# New to the block



## StellaRose (12 mo ago)

I'm recently separated and new to this support group. Hoping to meet a lot of cool people to get/give support.


----------



## ConanHub (Aug 9, 2013)

Your stage name strikes a chord and rings a bell.

Welcome aboard.


----------



## Angie?or… (Nov 15, 2021)

Welcome!


----------



## 346745 (Oct 7, 2020)

Greetings


----------



## Ursula (Dec 2, 2016)

Welcome aboard!


----------



## Numb26 (Sep 11, 2019)

Welcome!


----------



## StellaRose (12 mo ago)

Thank you all for the warm welcomes!! What do I need to know to make the most out of this site? Help me get caught up.


----------



## TXTrini (Oct 2, 2013)

Welcome, StellaRose. This is a great community for support, when you're comfortable enough to reach out.


----------



## Ragnar Ragnasson (Mar 4, 2018)

Only the cool people will respond with answers though. 😉


----------



## ConanHub (Aug 9, 2013)

StellaRose said:


> Thank you all for the warm welcomes!! What do I need to know to make the most out of this site? Help me get caught up.

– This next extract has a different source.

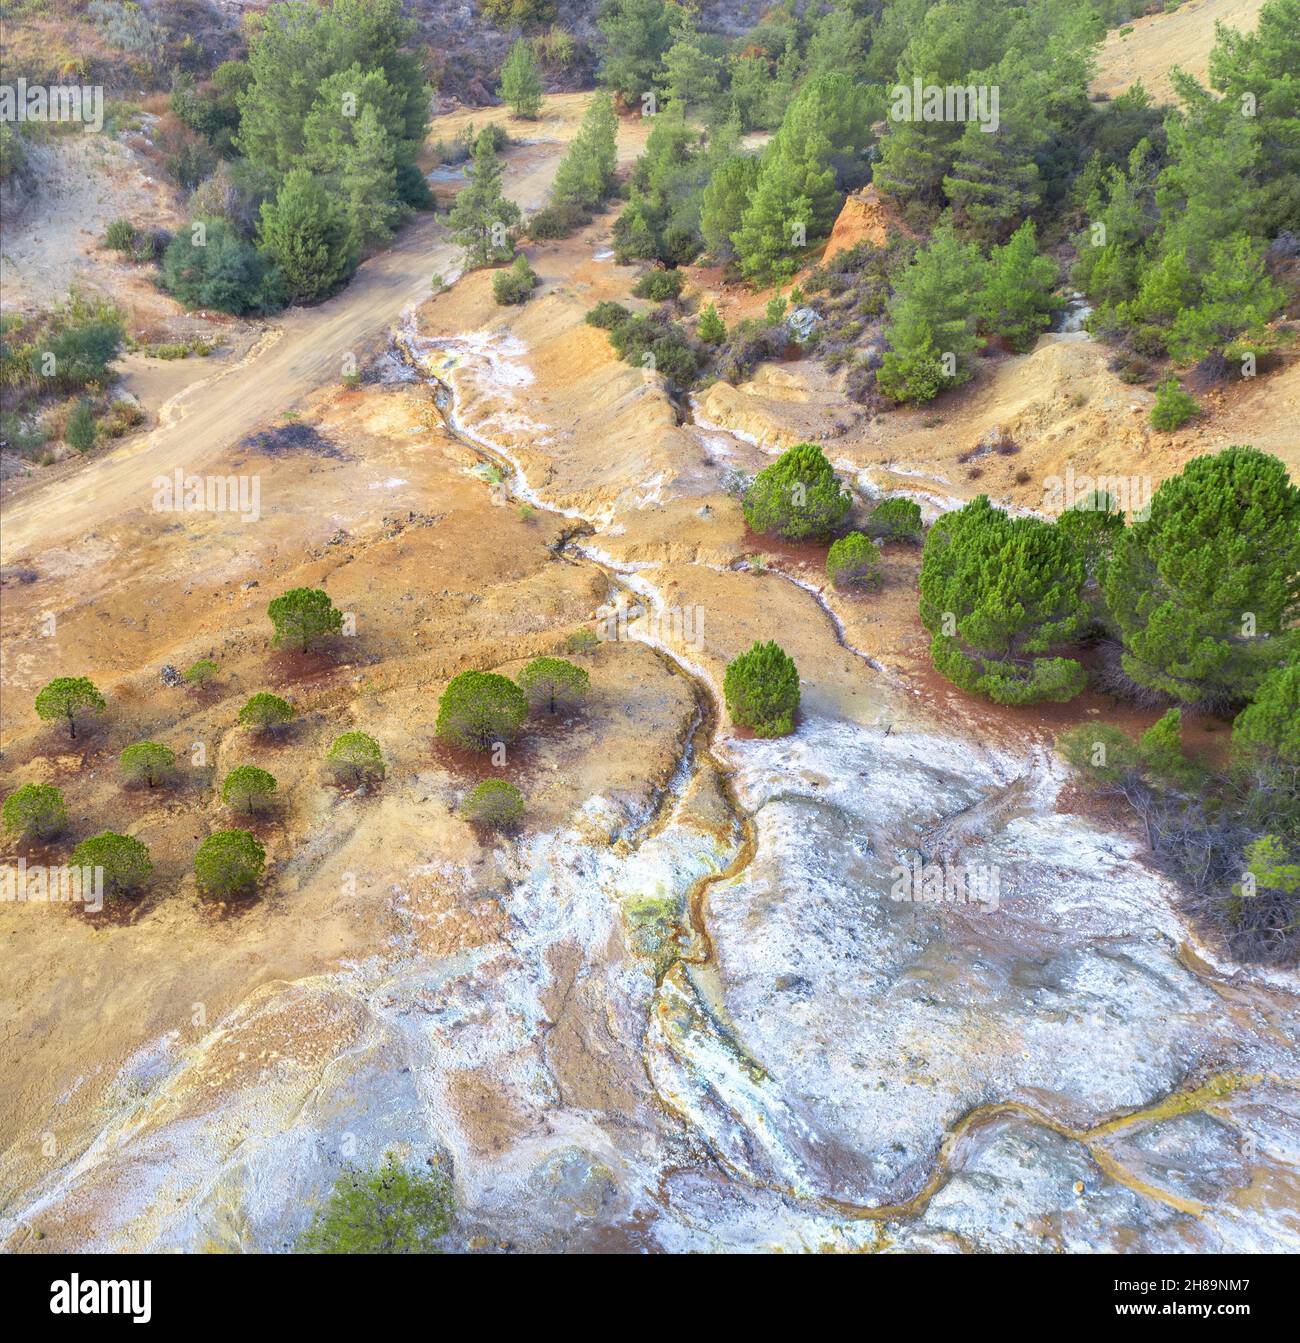 Dommages environnementaux sur le site abandonné de la mine de pyrite à Chypre, vue aérienne Banque D'Images

Start reading threads you might be interested in and maybe even comment or offer advice if it's something you know about or have experienced.


----------



## MattMatt (May 19, 2012)

Hello, @StellaRose Welcome to TAM.


----------



## 346745 (Oct 7, 2020)

Just visit various topics. Some may catch your eye


----------



## StellaRose (12 mo ago)

Longtime Hubby said:


> Just visit various topics. Some may catch your eye


This site seems very overwhelming.


----------



## 346745 (Oct 7, 2020)

It can be. Small doses are best.


----------



## Lotsofheart73 (Oct 13, 2021)

Hi. I’ve found it helpful to pick a few threads and read them and see what others are going thru & how they’ve handled their situation.


----------